Friday, November 30, 2018

Looking Forward to Winter: December 2018 - February 2019

Why am I always so shocked when December rolls around? The older I get, the faster time goes by. Ah, well. At least I have a lot to look forward to as the holidays approach (and fly by) and we settle in for the cold months of the new year. There are 6 shows opening between the start of December and the end of February: one new musical, one holiday special, one play revival and three new plays. And that doesn't even include off-Broadway shows!

Before we look ahead, let's review what we got to see in the fall.
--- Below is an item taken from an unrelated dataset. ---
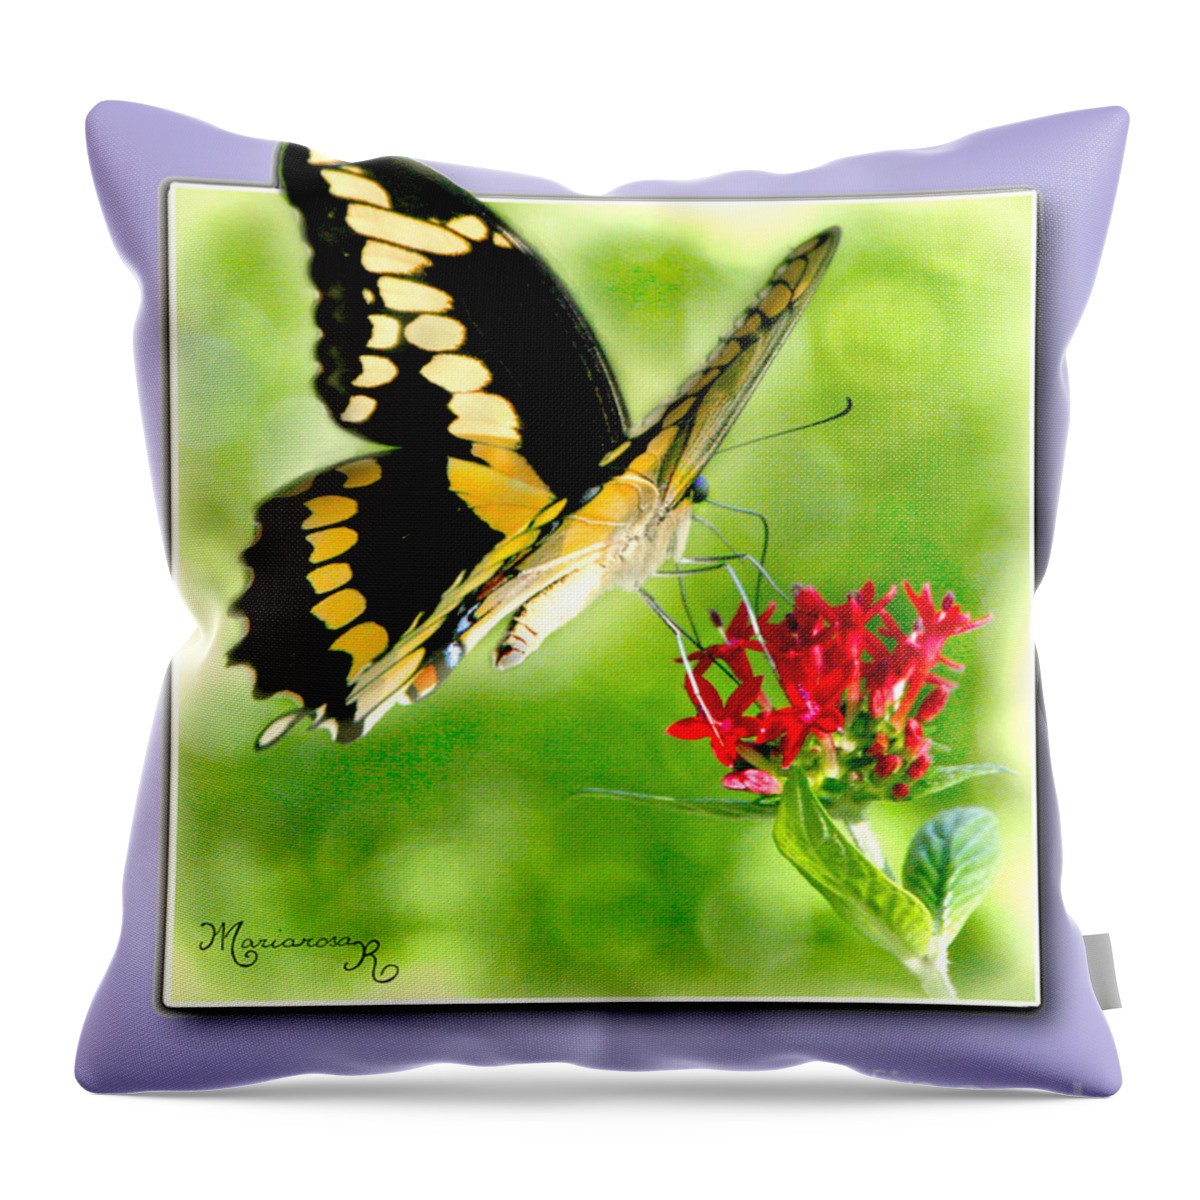 Fauna Throw Pillow featuring the photograph Soft Landing by Mariarosa Rockefeller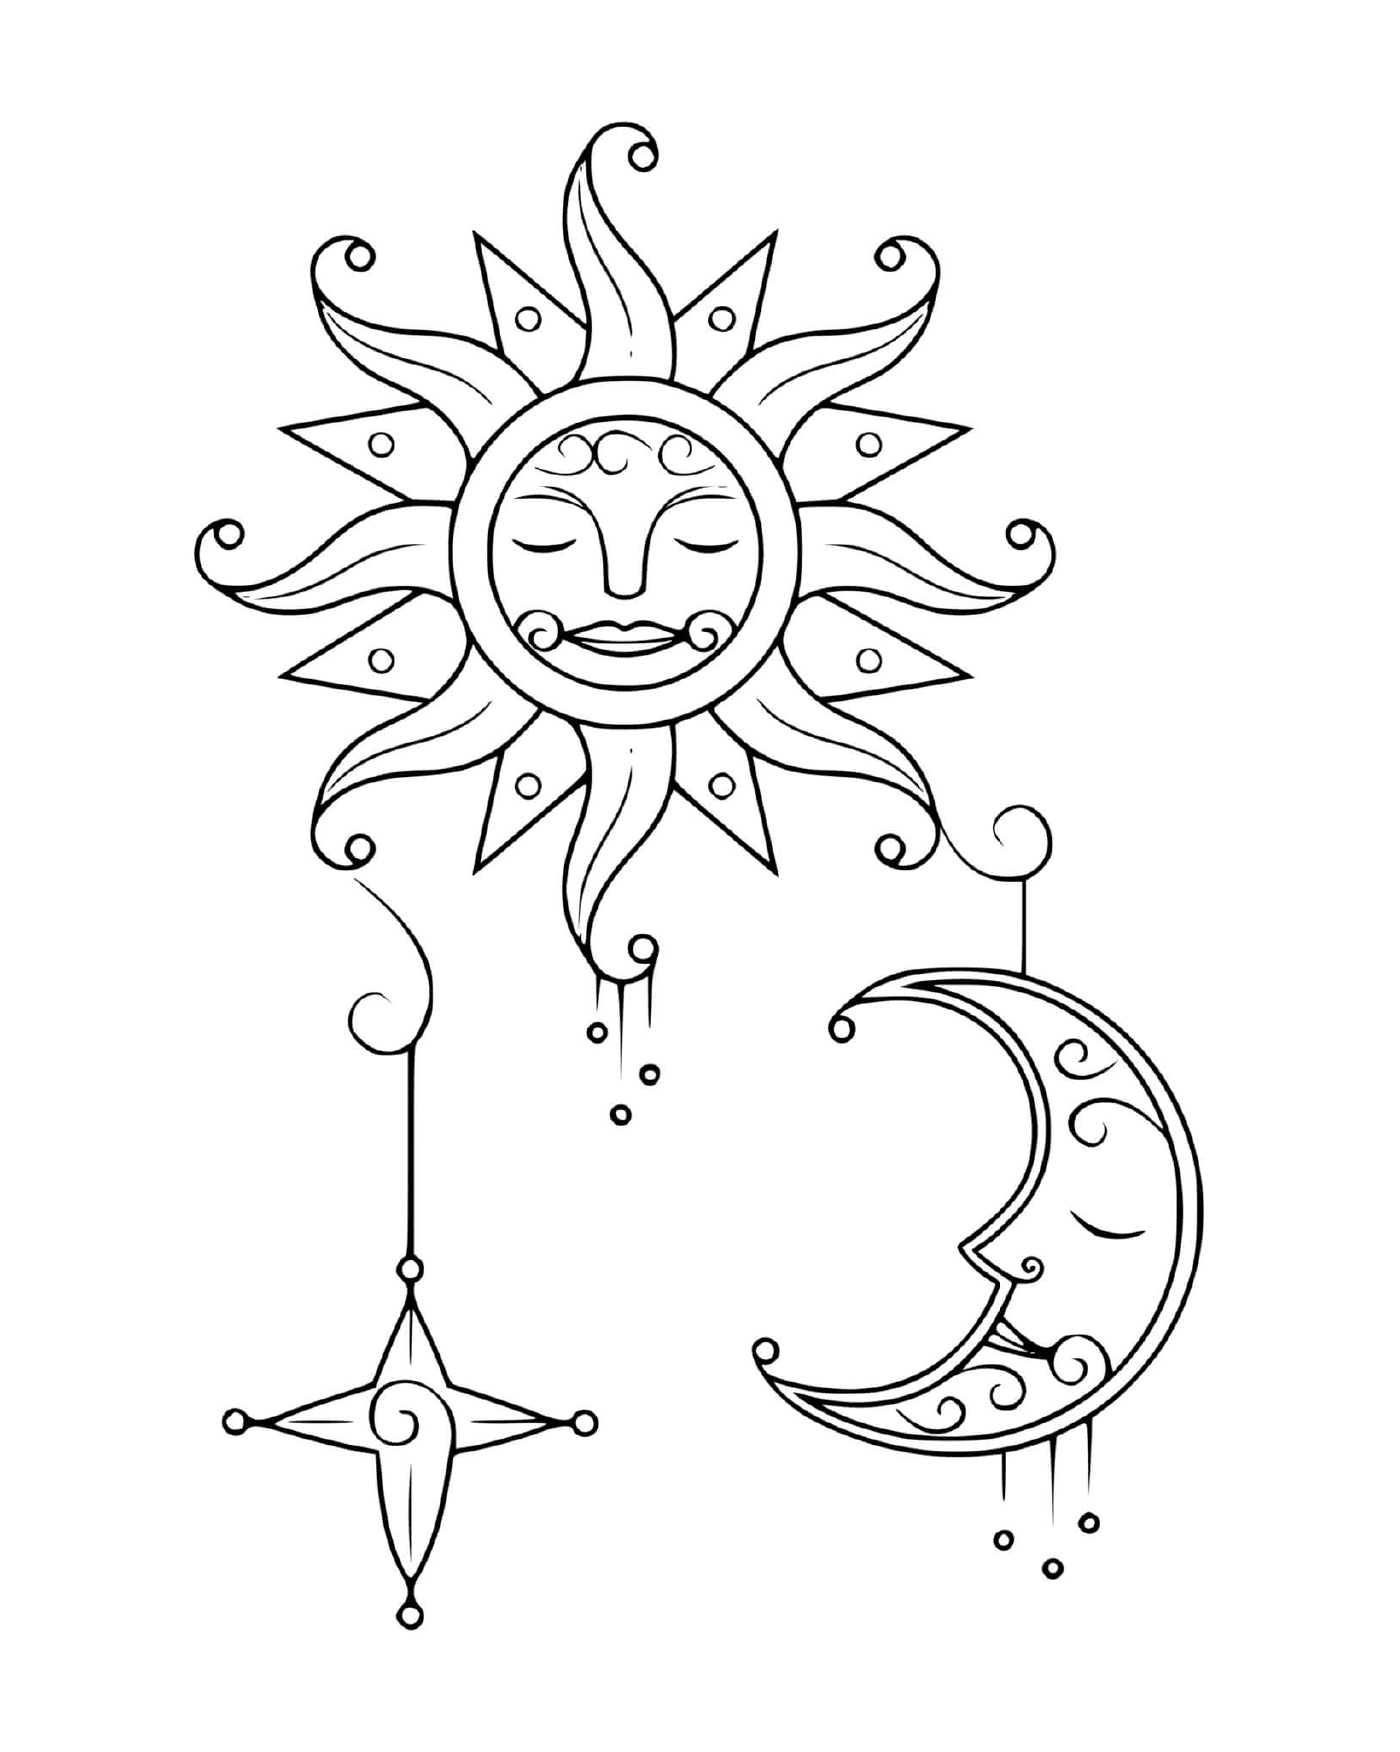  Sun and moon

I'd say it was hugely successful: Passion (Signature Theatre, Virginia): A, The Band's Visit (re-visit): A+, The Waverly Gallery: A+, King Kong: C, and The Prom: A+. (And I'd still recommend King Kong - it is fun and spectacular.)

So this is what we have coming up during the next three months. As you can see, it'll be a busy few months.

Torch Song (on Broadway at the Hayes Theatre)

Left over from the fall, I'm looking forward to seeing this as a fan of playwright (in this case) Harvey Fierstein, Michael Urie and especially Mercedes Ruehl. Also, this play, along with the recent The Boys in the Band and Angels in America represent major works of gay theater. Supporting that and learning from it is practically a civic duty these days. I'm very excited about seeing this revival.

The Cher Show (on Broadway at the Neil Simon Theatre)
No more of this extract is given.